» Input data:
• • • •
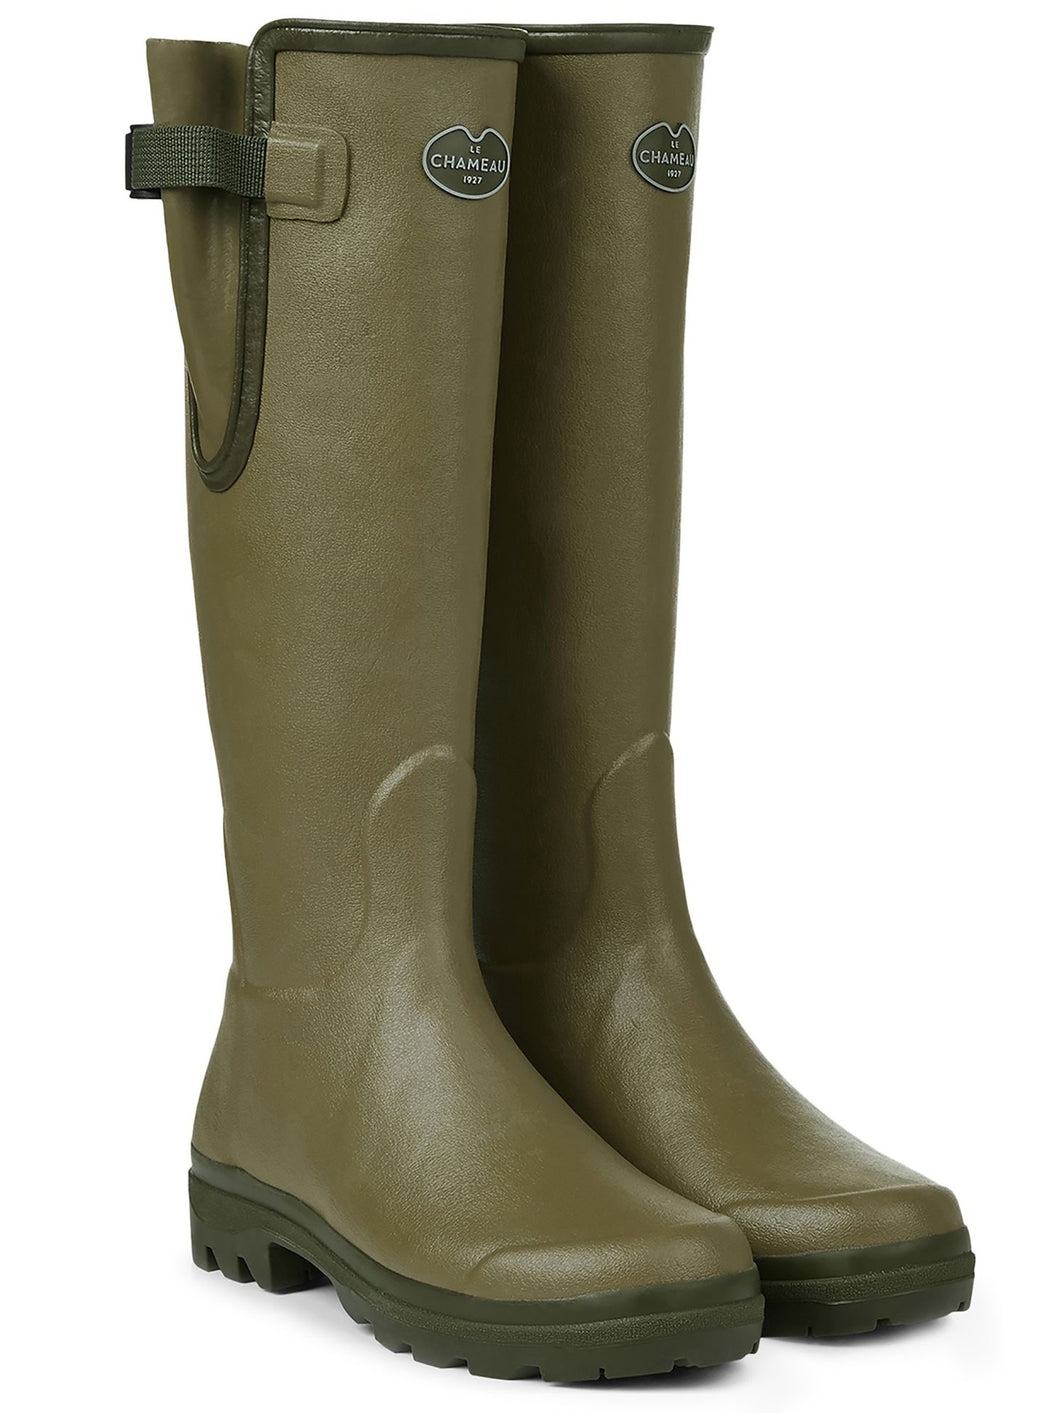 LE CHAMEAU Vierzon Boots - Ladies Jersey Lined - Vert Vierzon
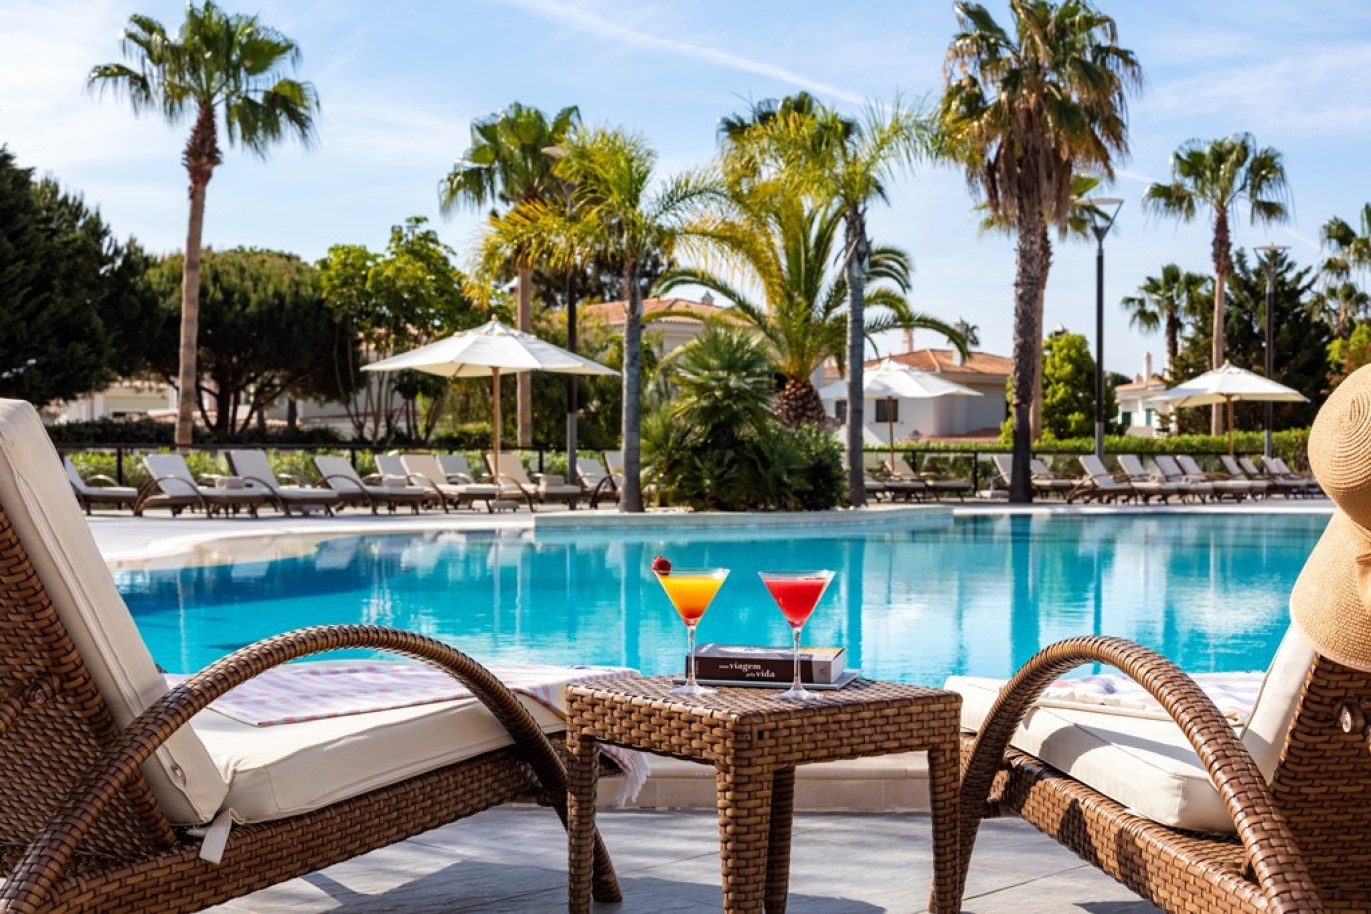 Apartamento, 2 quartos, piscina, para venda na Quinta do Lago, Algarve_263459
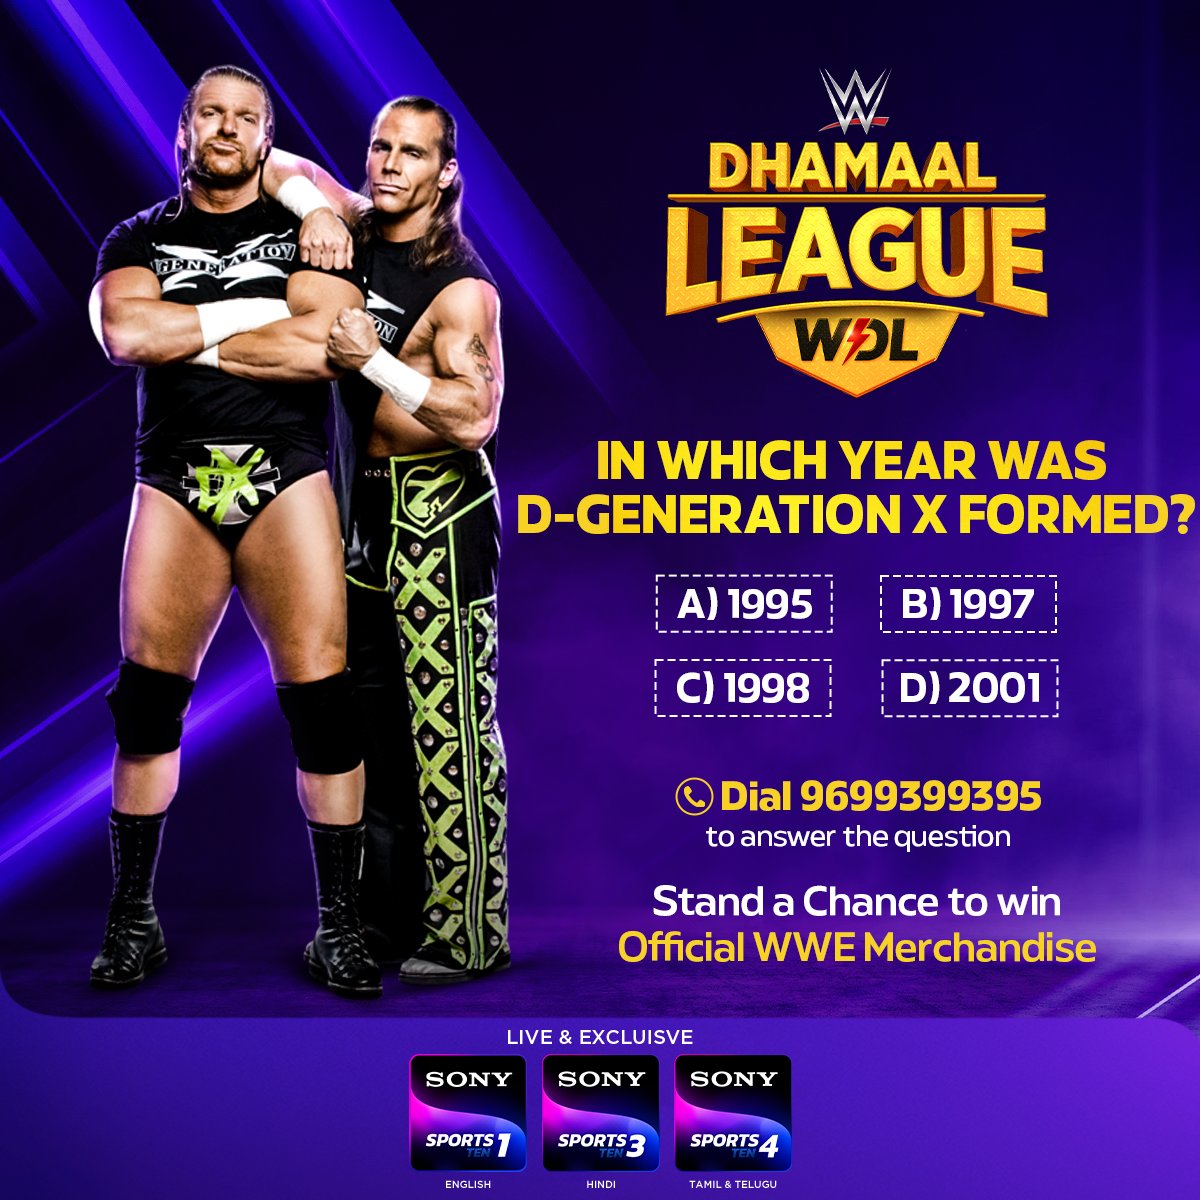 We got 2 words for ya 👉 Guess it 😜

#SonySportsNetwork #WWE #WWEIndia #WWEDhamaalLeague | @WWE @WWEIndia
• • • •
Transcribe all of the listing precisely. The images stay out of it.

 LE CHAMEAU Vierzon Boots - Ladies Jersey Lined - Vert Vierzon
 Apartamento, 2 quartos, piscina, para venda na Quinta do Lago, Algarve_263459
 We got 2 words for ya 👉 Guess it 😜

#SonySportsNetwork #WWE #WWEIndia #WWEDhamaalLeague | @WWE @WWEIndia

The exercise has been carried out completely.